§ SOURCE DATA:

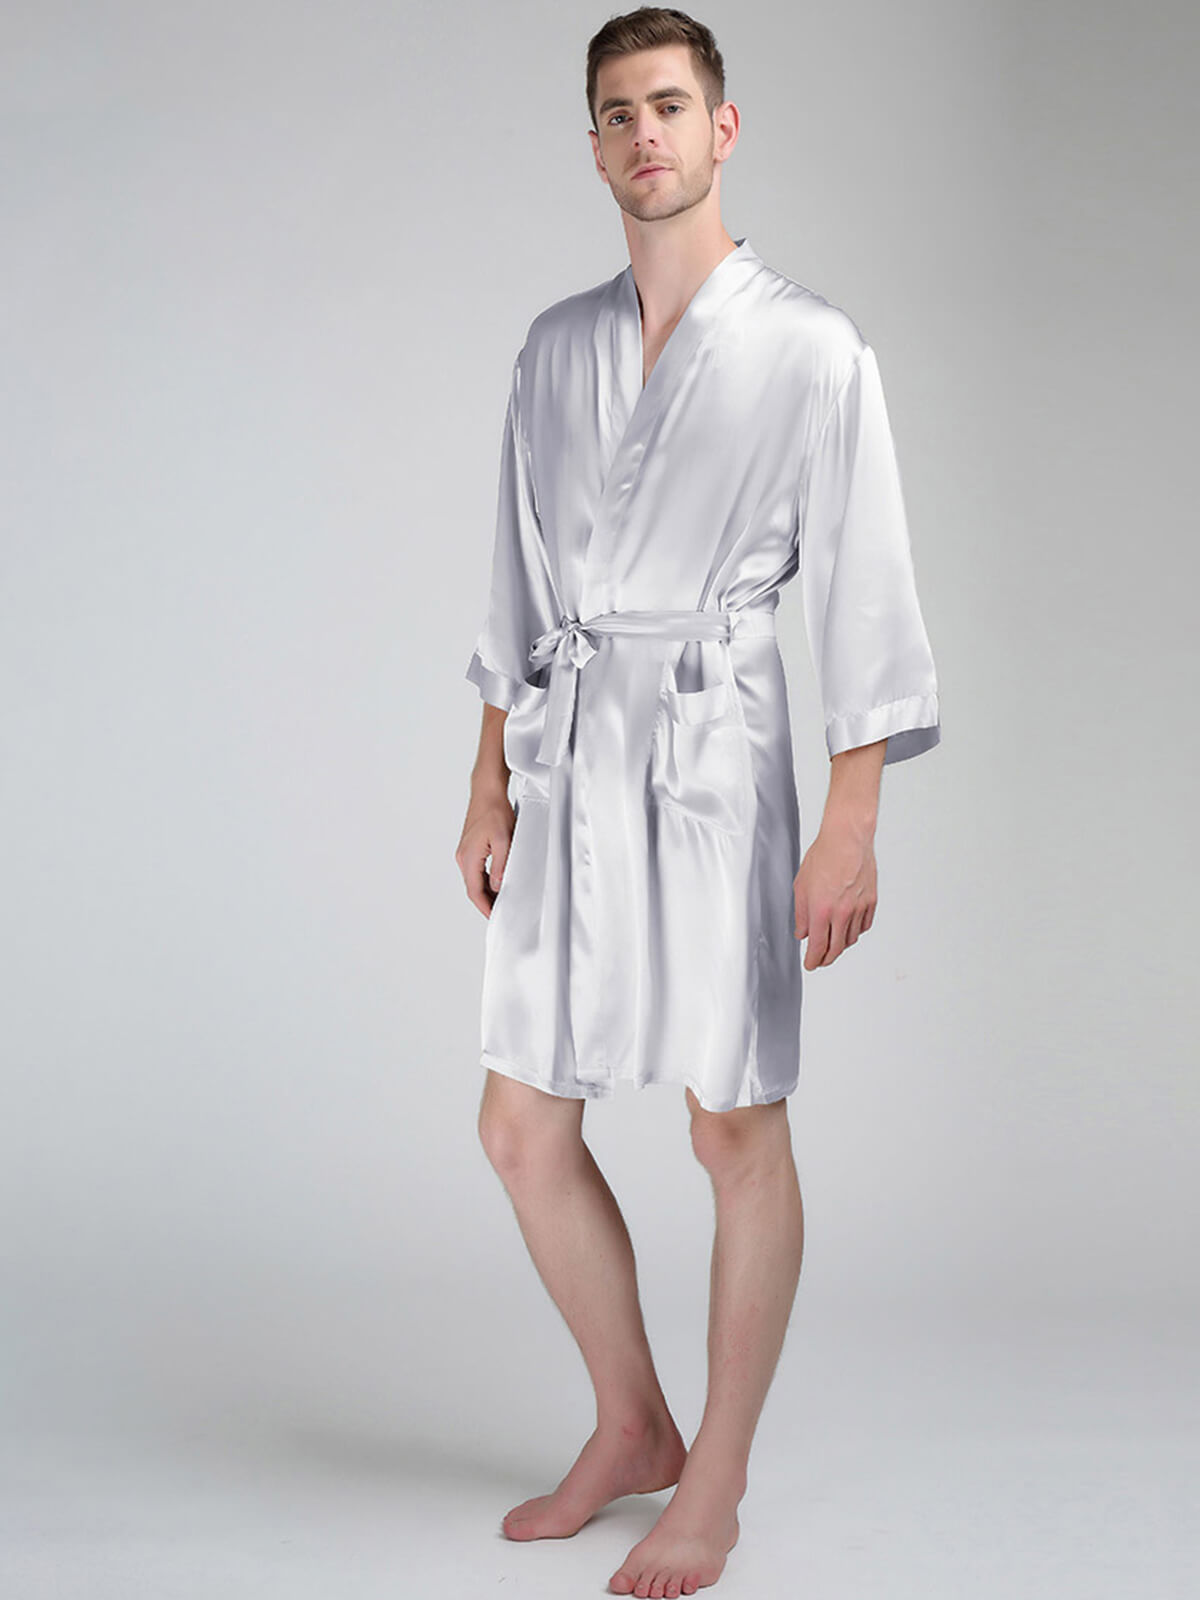 19 Momme Classic Short Silk Kimono Robe For Men [FS042] - $189.00 ...
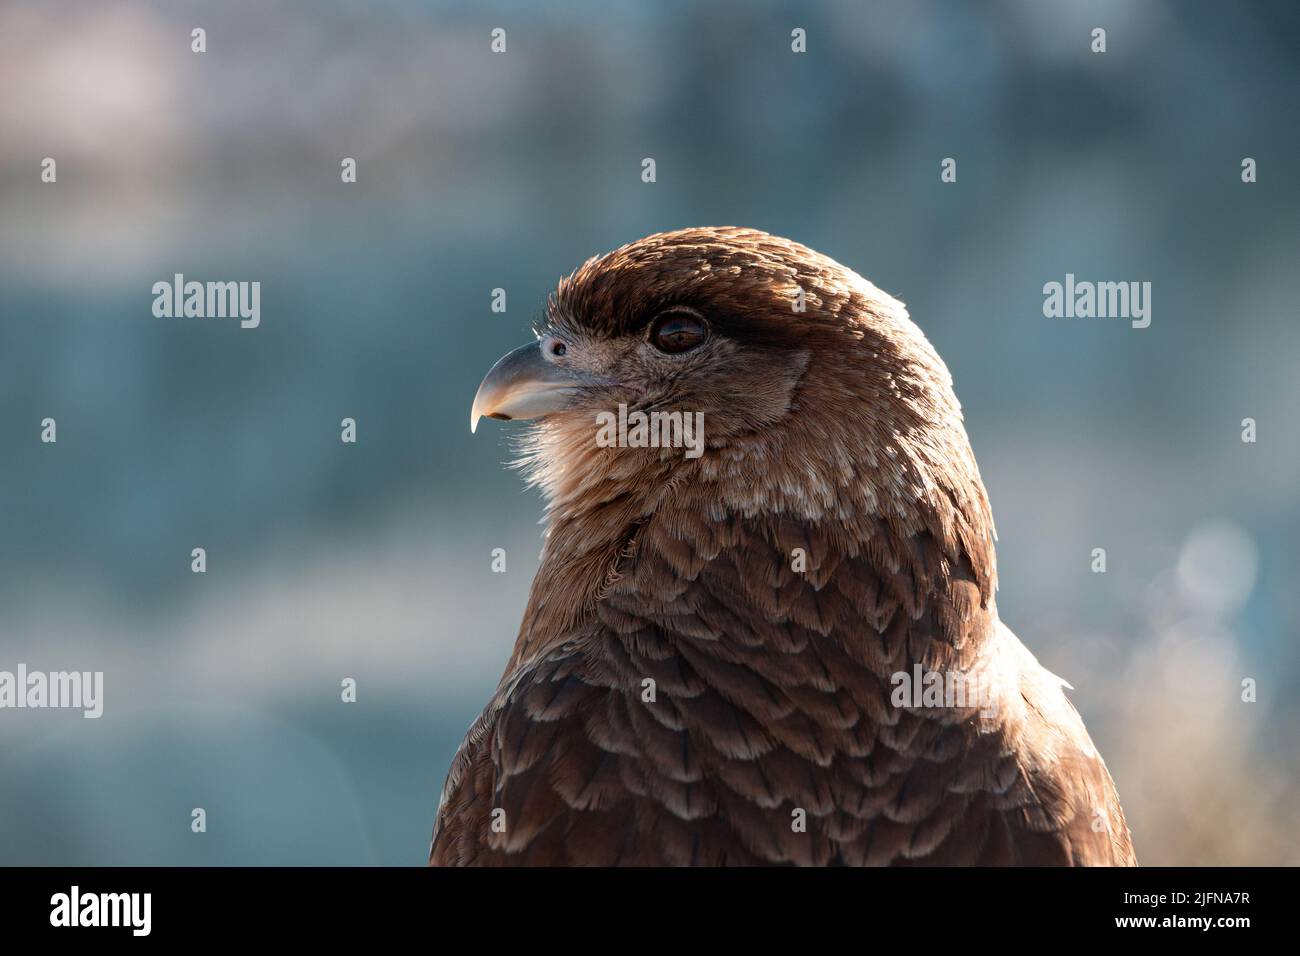 Argentine Patagonian Hawk in closeup Stock Photo
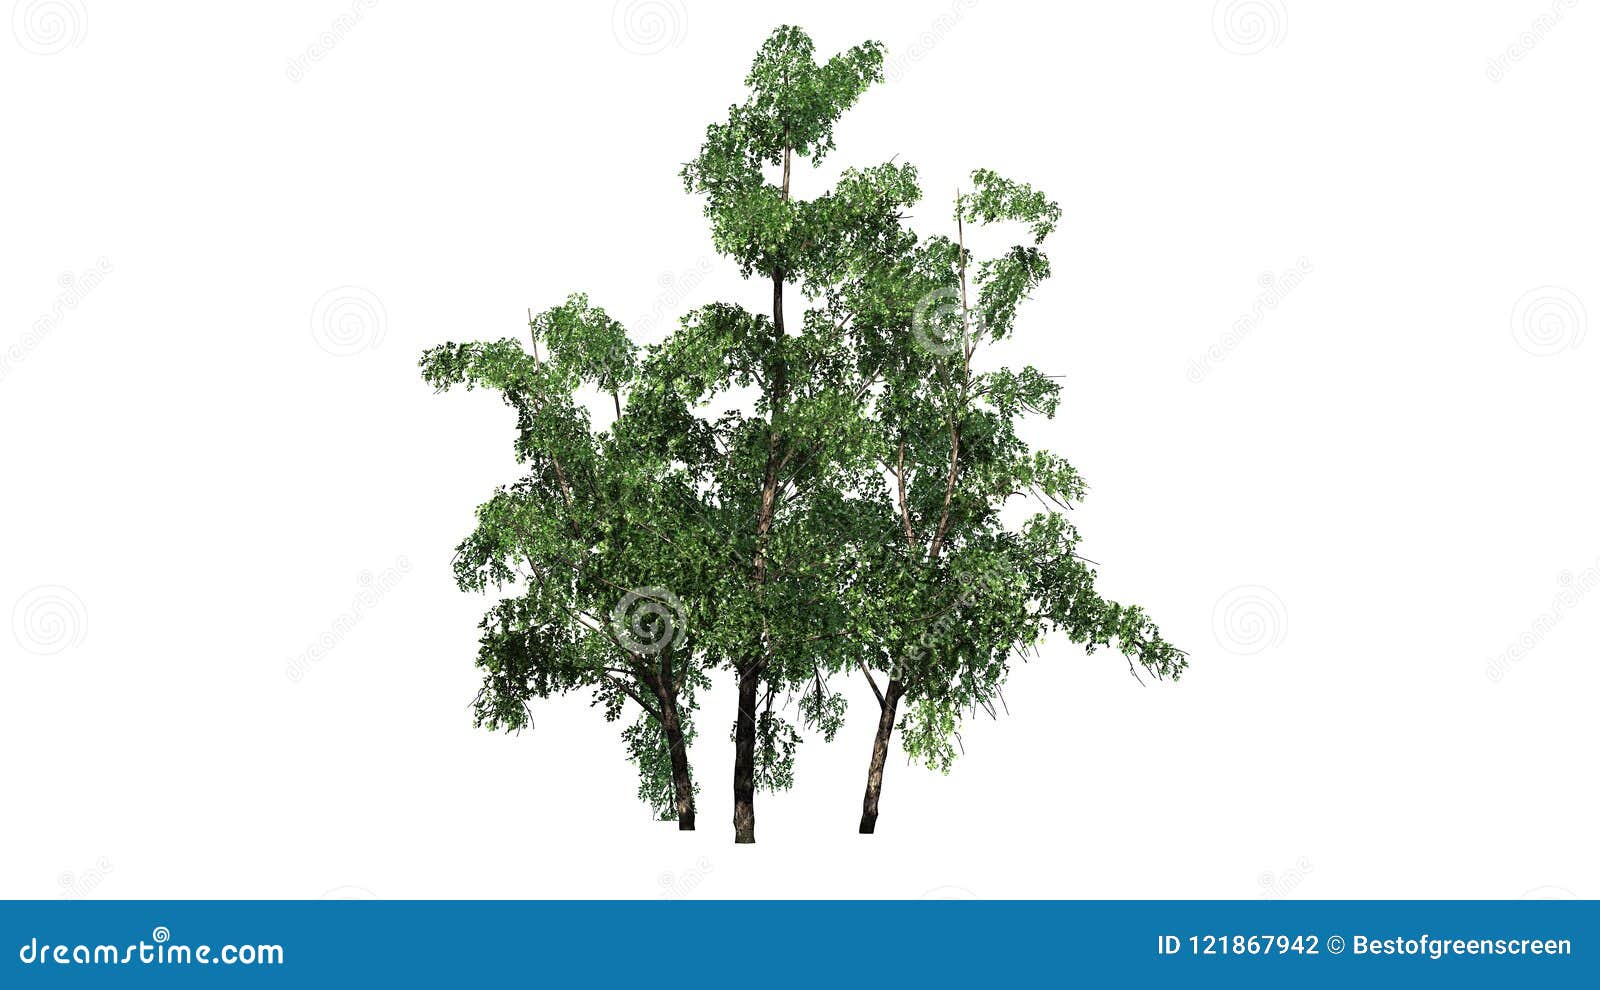 River birch trees stock photo. Image of green, illustration - 121867942

§ TASK:
Copy out the whole listing exactly. Skip its pictures.

§ WRITTEN REPLY:
 19 Momme Classic Short Silk Kimono Robe For Men [FS042] - $189.00 ...
 Argentine Patagonian Hawk in closeup Stock Photo
 River birch trees stock photo. Image of green, illustration - 121867942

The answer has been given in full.